**WHAT IS REQUIRED:** No pictures, please. Copy exactly the lines from the one with "Shenzhen Jingdiao Kaigong" through the final line below.

**DATA PROVIDED:**
• • • • • • •

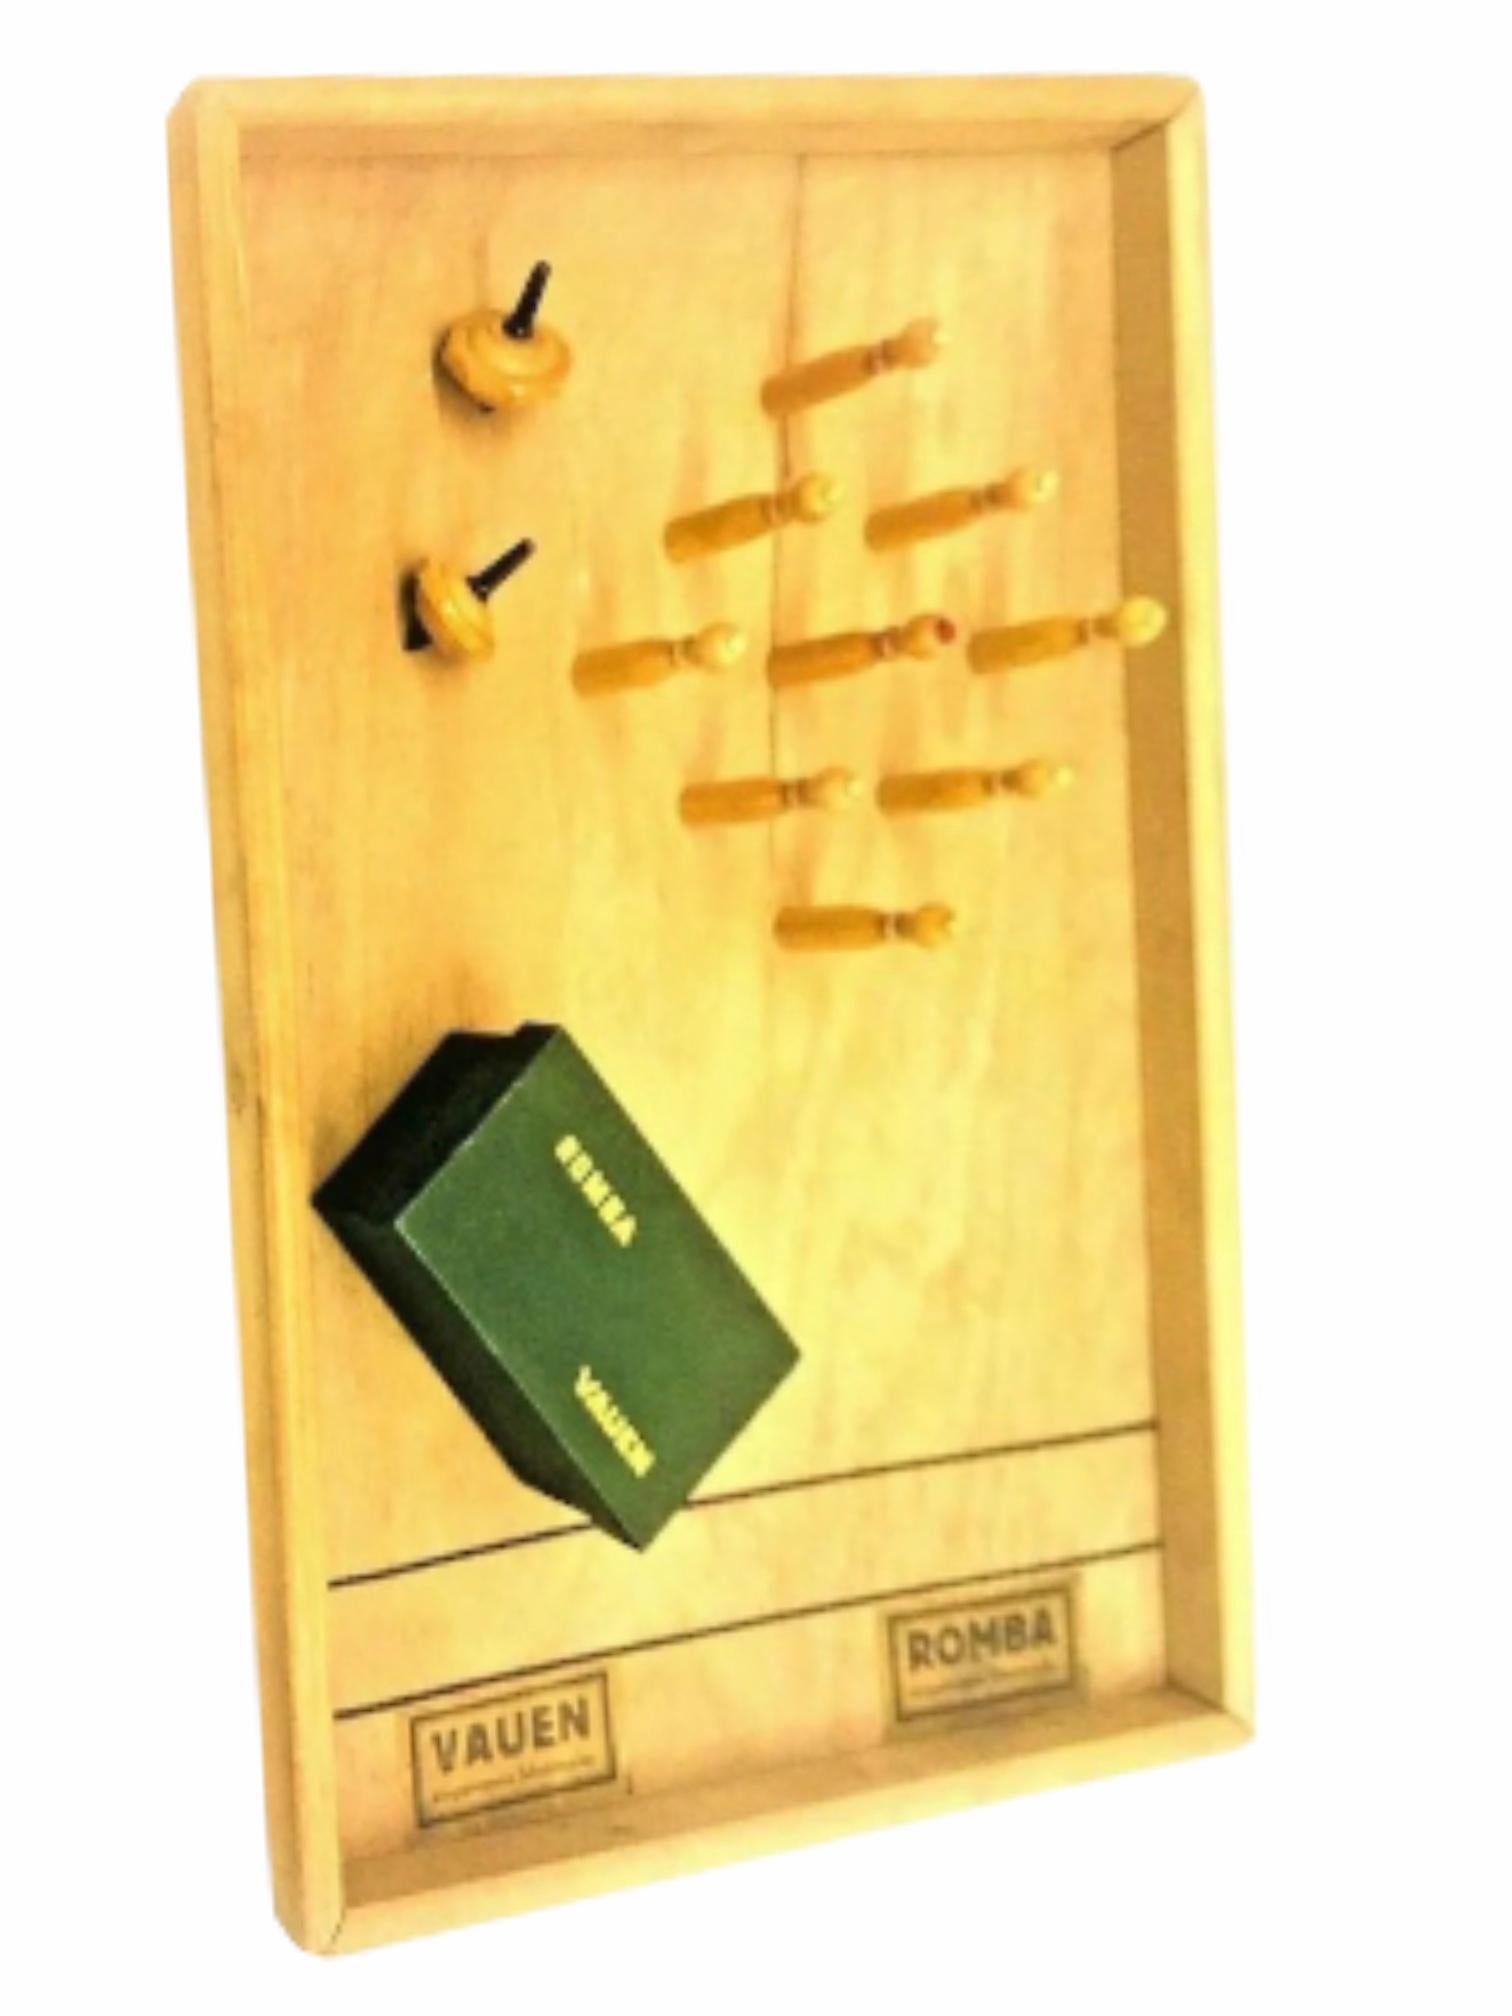 Un beau plateau de jeu de table, fabriqué en bois par Vauen, Allemagne. Tout état d'origine. Prêt à l'emploi et amusant à jouer. En bois, quilles dans leur boîte en carton d'origine. La boîte mesure environ 1 5/8
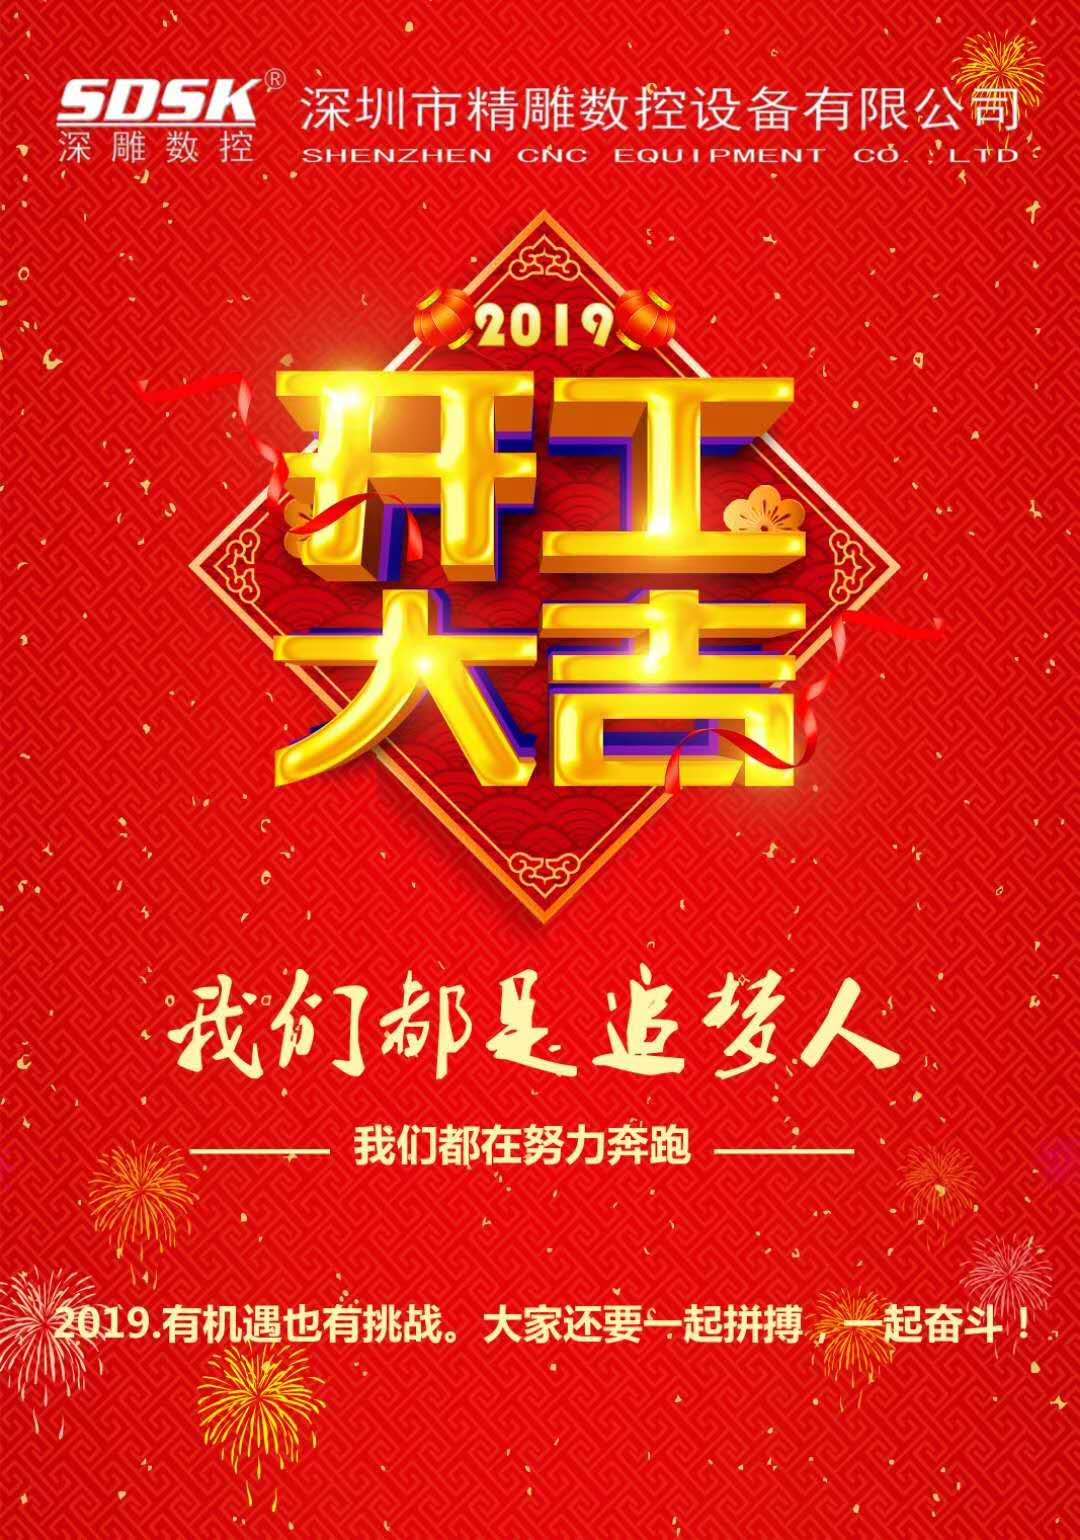 Shenzhen Jingdiao Kaigong University brings good luck to the new year
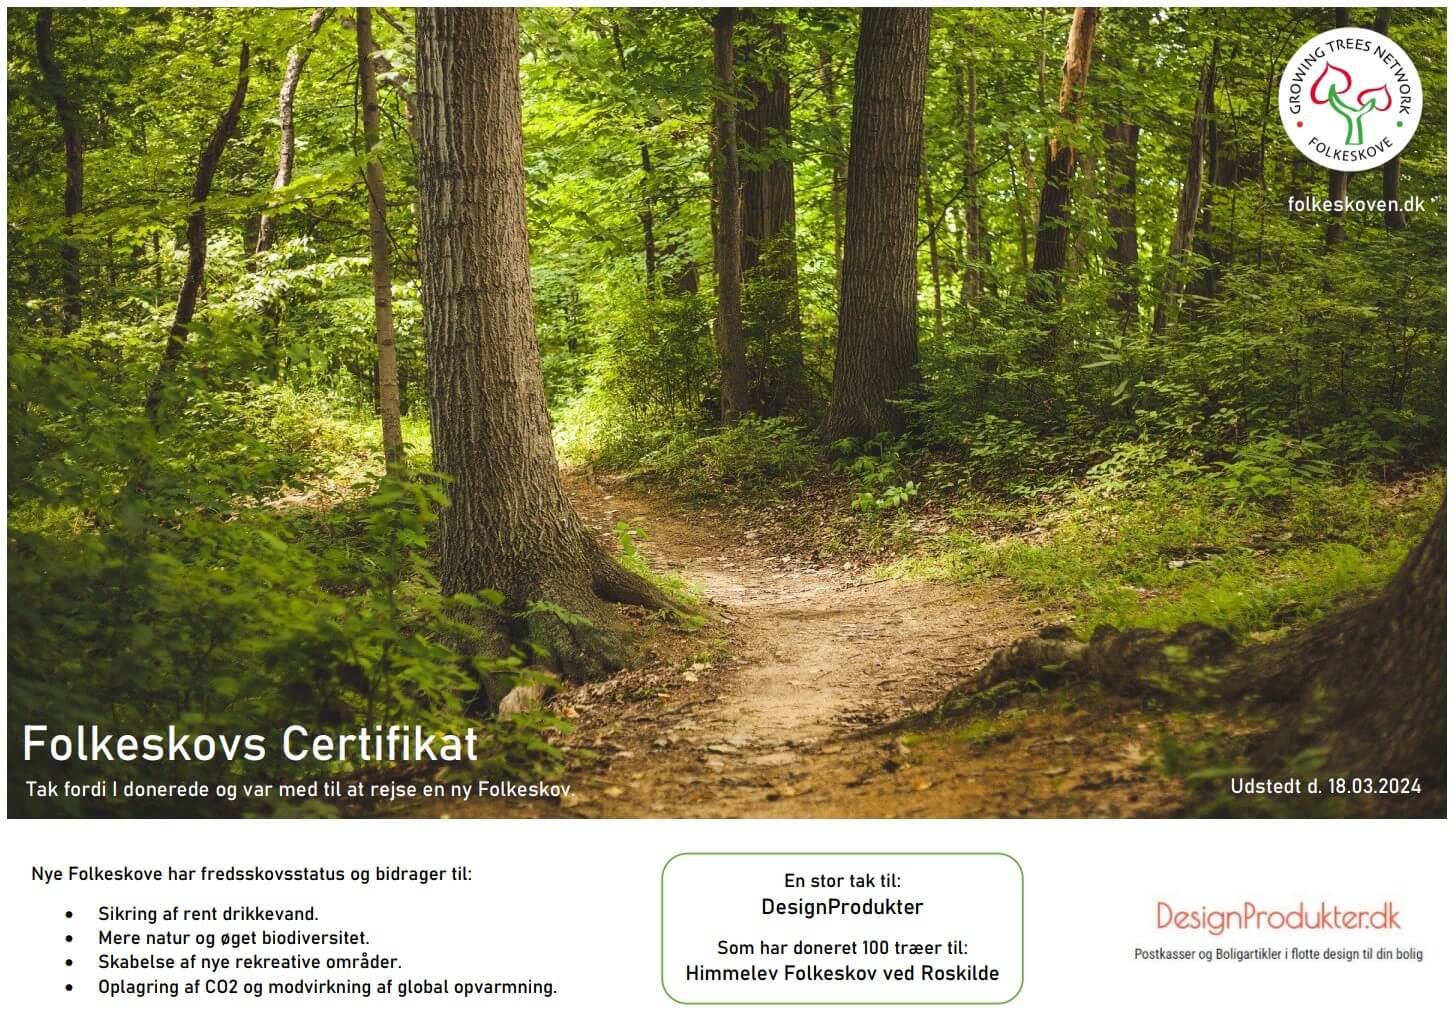 DesignProdukters Certifikat for at hjælpe med at plante træer i danske folkeskove.
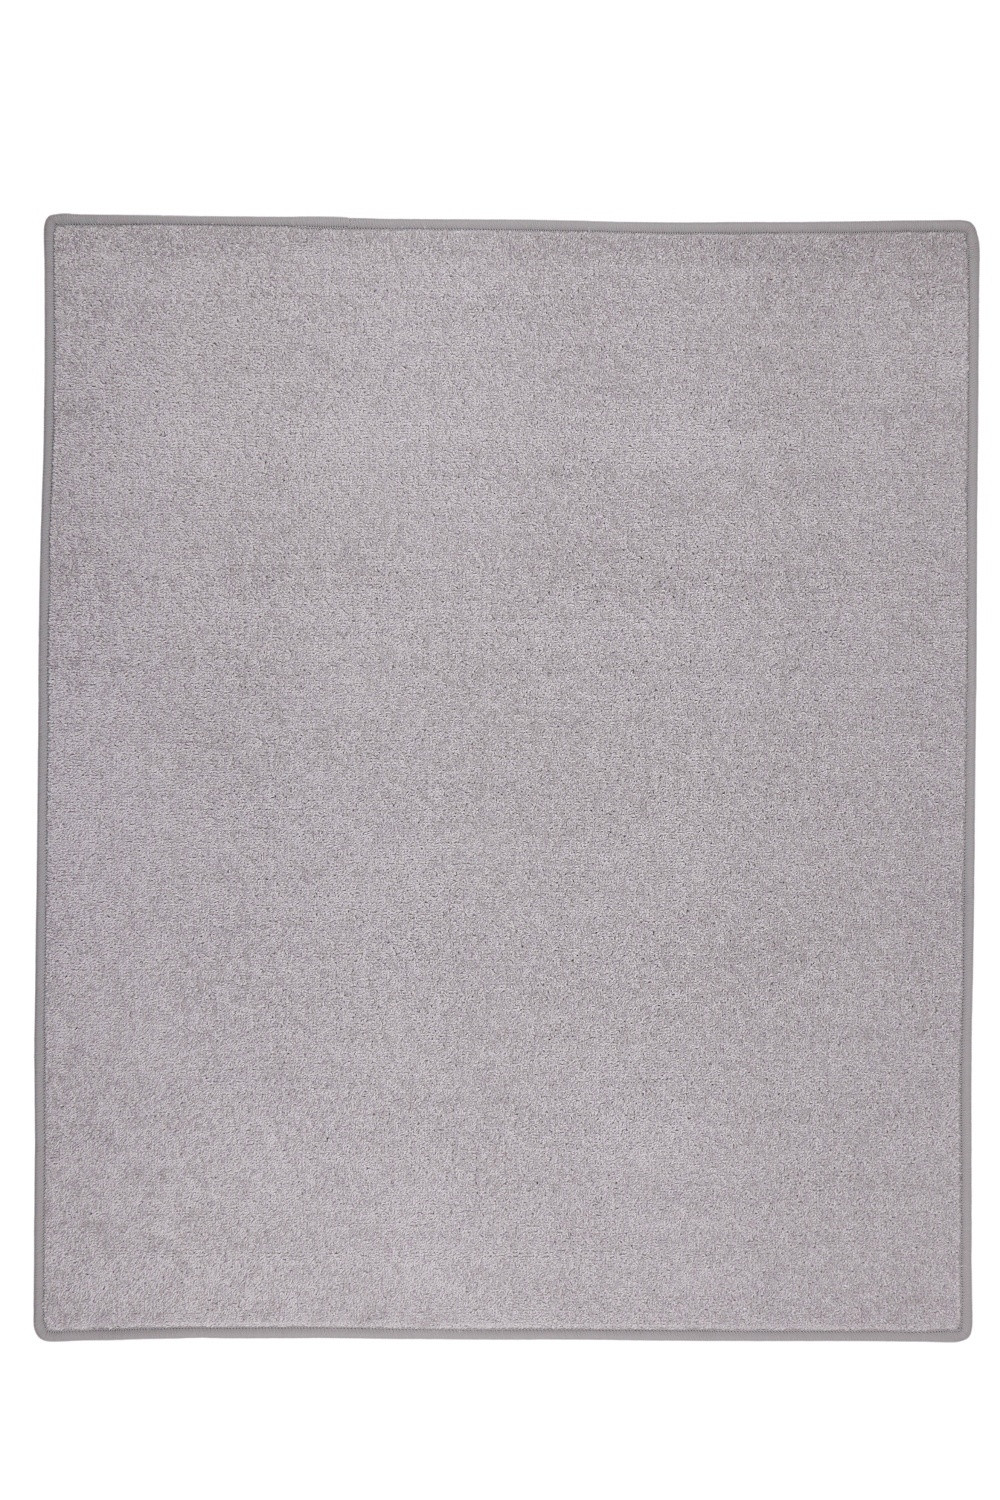 Kusový koberec Eton sivý 73 - 200x300 cm Vopi koberce

• • • • • • •

**RESPONSE BELOW:**
 Shenzhen Jingdiao Kaigong University brings good luck to the new year
 DesignProdukters Certifikat for at hjælpe med at plante træer i danske folkeskove.
 Kusový koberec Eton sivý 73 - 200x300 cm Vopi koberce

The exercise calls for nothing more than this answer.